Is that longer than the numpy list?!?!?!

Let's check.

In [None]:
len(dir(sp))

You get most of the stuff from NumPy plus extra SciPy only stuff.

#### SciPy Organization

Subpackage | Description
---------- | -----------
cluster |	Clustering algorithms
constants | 	Physical and mathematical constants
fftpack | 	Fast Fourier Transform routines
integrate | 	Integration and ordinary differential equation solvers
interpolate | 	Interpolation and smoothing splines
io | 	Input and Output
linalg | 	Linear algebra
ndimage | 	N-dimensional image processing
odr | 	Orthogonal distance regression
optimize | 	Optimization and root-finding routines
signal | 	Signal processing
sparse | 	Sparse matrices and associated routines
spatial | 	Spatial data structures and algorithms
special | 	Special functions
stats | 	Statistical distributions and functions
weave | 	C/C++ integration

You need to import these subpackages explicitly. Notice that you will not find `sparse` in the `dir(sp)` output above. So the following line will fail.

In [None]:
sp.sparse

But the following lines are fine. This is a decision made by the scipy developers, which is kind of annoying.

In [None]:
import scipy.sparse

In [None]:
from scipy import sparse

In [None]:
print(dir(sparse))

I will not go into these subpackages in detail. They each provide a lot of functionality, and are targeted to specific uses. 

# Test Yourself

1) Using python syntax, extract the `6` from `my_array`.

In [None]:
my_array = np.array([[9,3],[7,4],[6,8]])
my_array

---

2) Create a 4x2 numpy array (4 rows and 2 columns) containing values from one of the random distribution functions available in numpy (some were introduced above, but [there are a lot more](https://docs.scipy.org/doc/numpy/reference/routines.random.html)).

---

3) In the following cell mark each statement as true or false.

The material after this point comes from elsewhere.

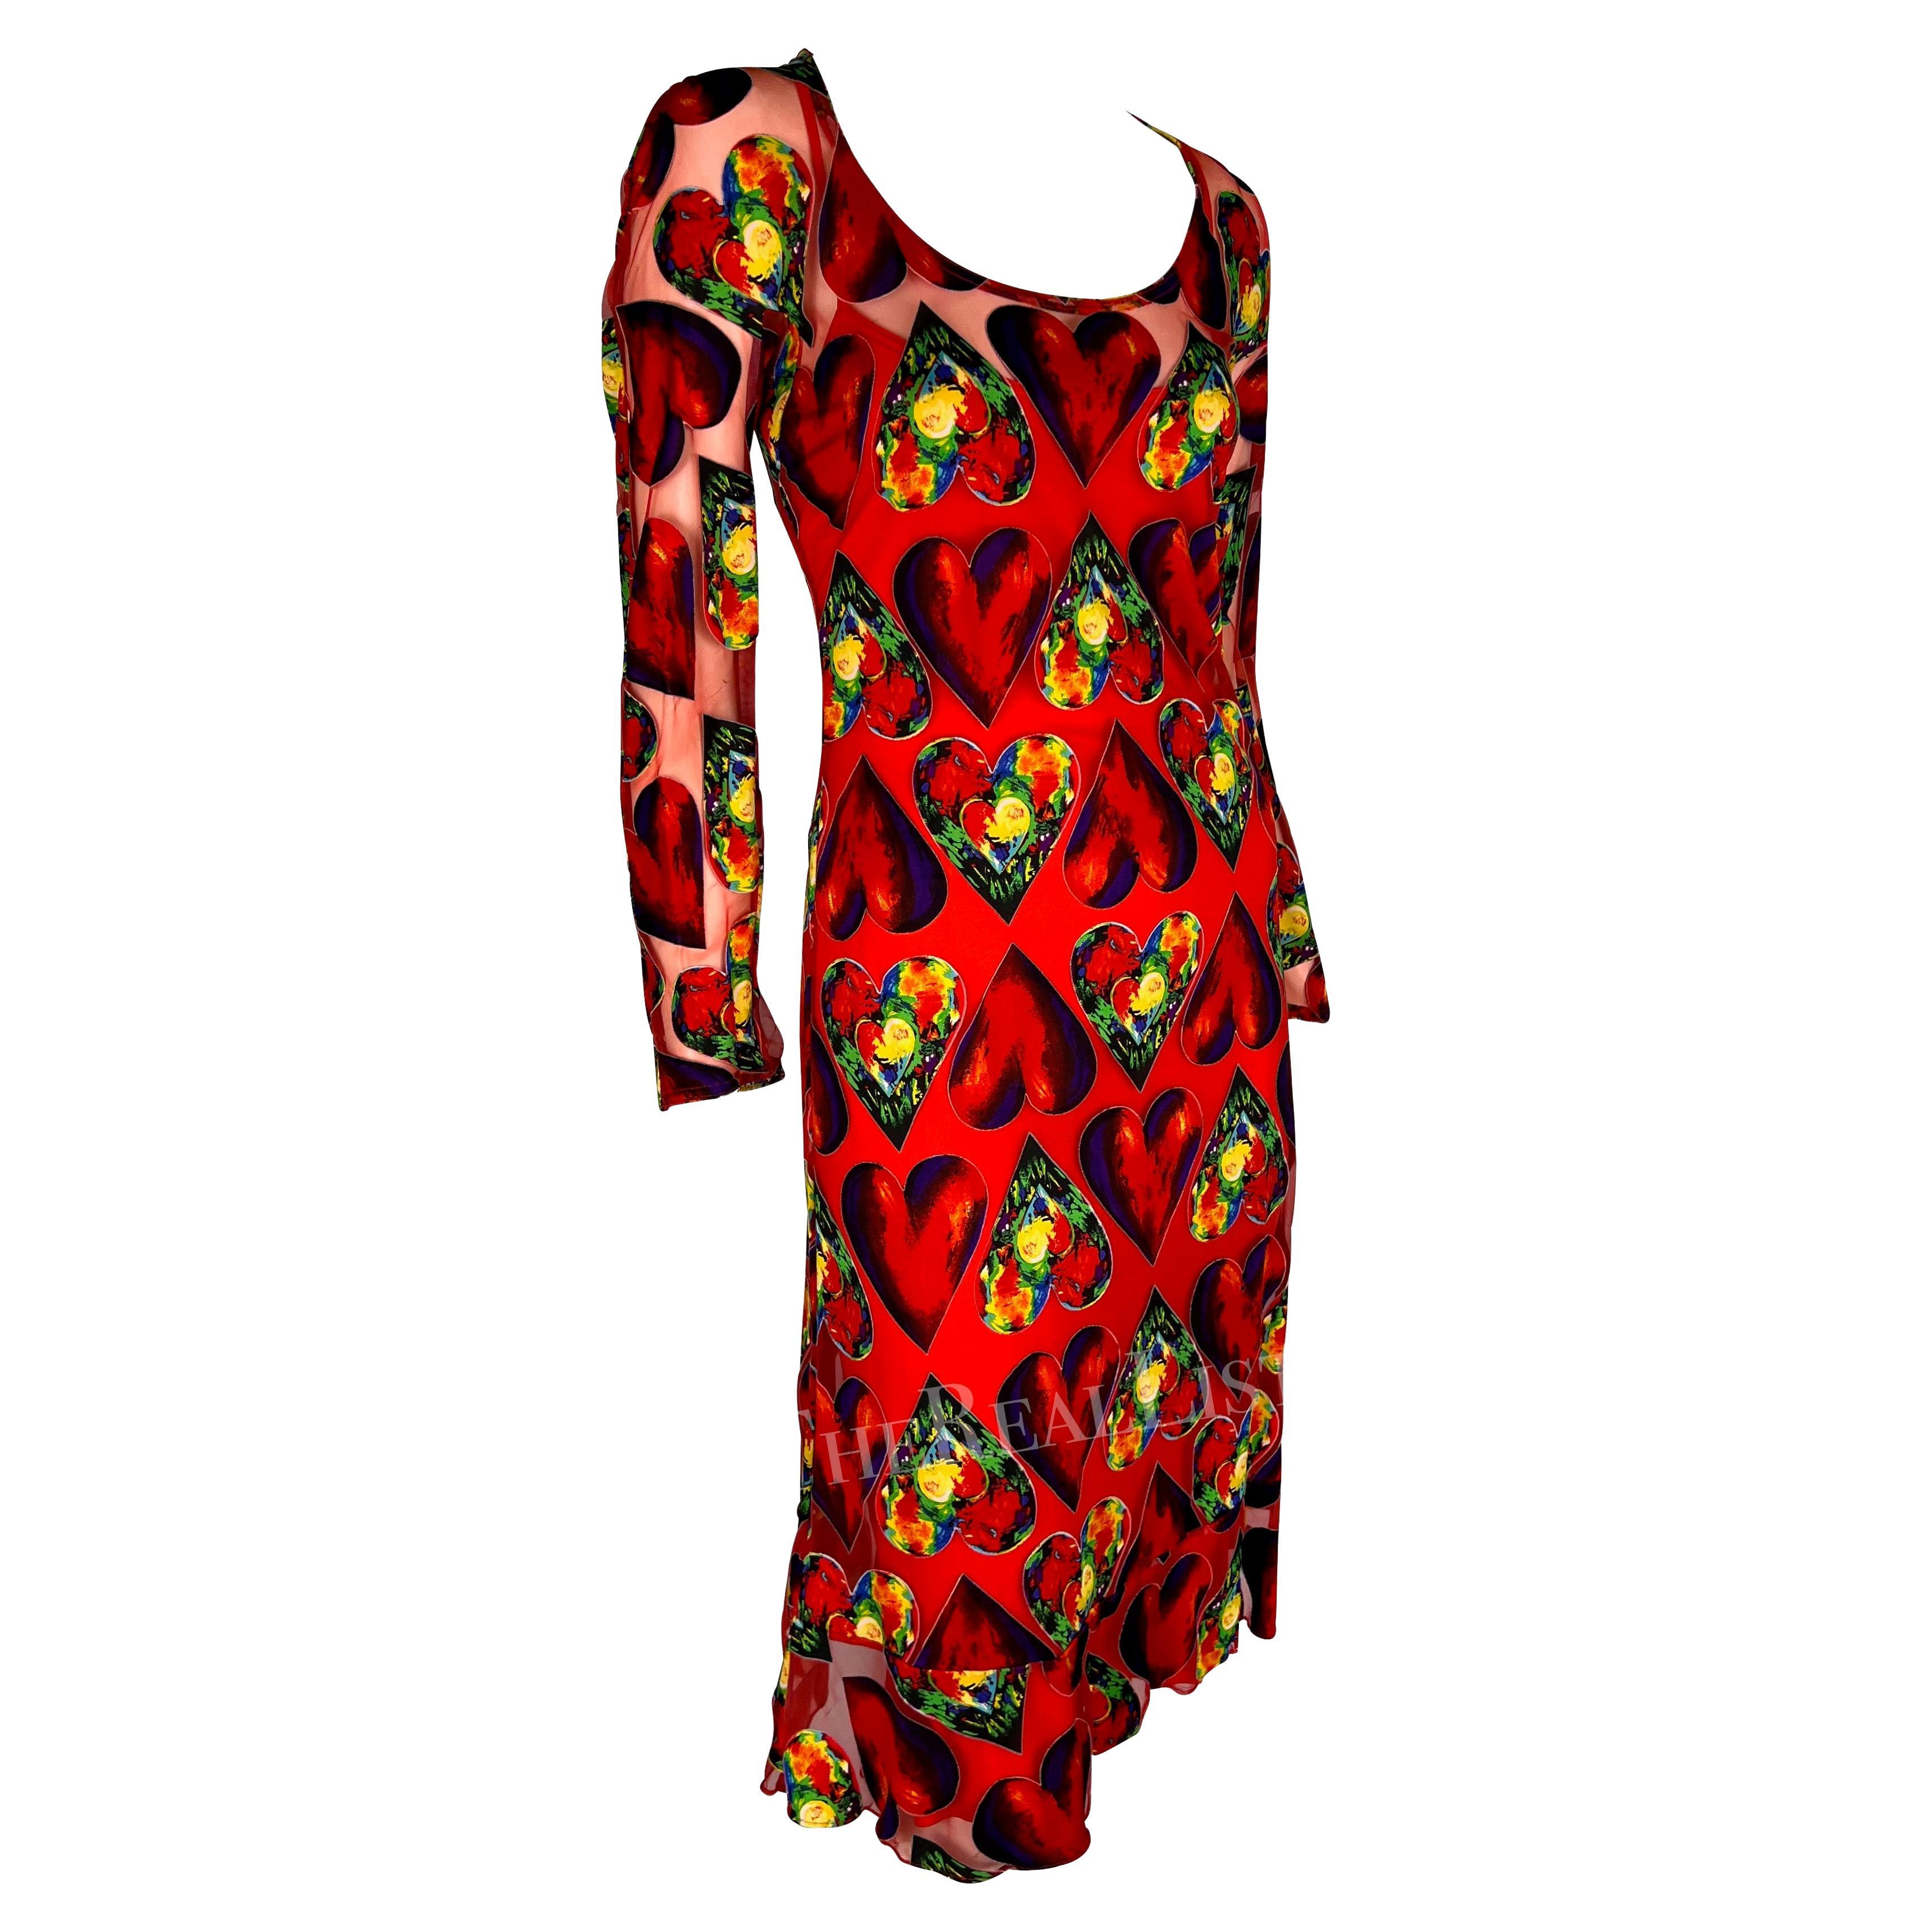 S/S 1997 Gianni Versace Runway Red Sheer Heart Print Bodycon Dress Slip Set For Sale 4

    a. You can add a new row to an existing array.  [True/False]
    b. You can change an element within an existing array.  [True/False]
    c. All elements in an array must be of a single type.  [True/False]

---

4) Using numpy syntax, sum the columns of the array in the following cell.

In [None]:
array3 = np.array([[4,2,9],[8,3,5]])
array3

---

5) The following cell has a variable called `radii` which has 10 values. Let's assume they are the radii of some circles. Create an array of circle _areas_ from these radii. Recall that you can work with the entire array at once, no need to loop over the various elements one by one. Use numpy's pi instead of the math package.

$area = \pi * radius^2$

In [None]:
radii = np.random.randint(1,21,10) # 10 random integers, drawn from the range 1 to 20
radii

---

6) Write some one-liners.

a) Select the values less than 10 from the following array.

In [None]:
np.random.seed(999)
vals = np.random.randint(1,20,10)
vals

b) Multiply all the values in the following array by 100.

In [None]:
np.random.seed(999)
vals = np.random.randint(1,20,10)
vals

c) In one line, select the values less than, and multiply them by 100.

In [None]:
np.random.seed(999)
vals = np.random.randint(1,20,10)
vals

---

7) For the following examples, would a list or numpy array be preferred? Why?

a) You want to store a student's exam responses; where some responses are numeric and some are text.

b) You want to systematically walk around your house and store the name of each of your cats, but you don't know how many cats you have.

c) You have the height and weight of 100 subjects in your health study, and you need to compute each person's body mass index (BMI).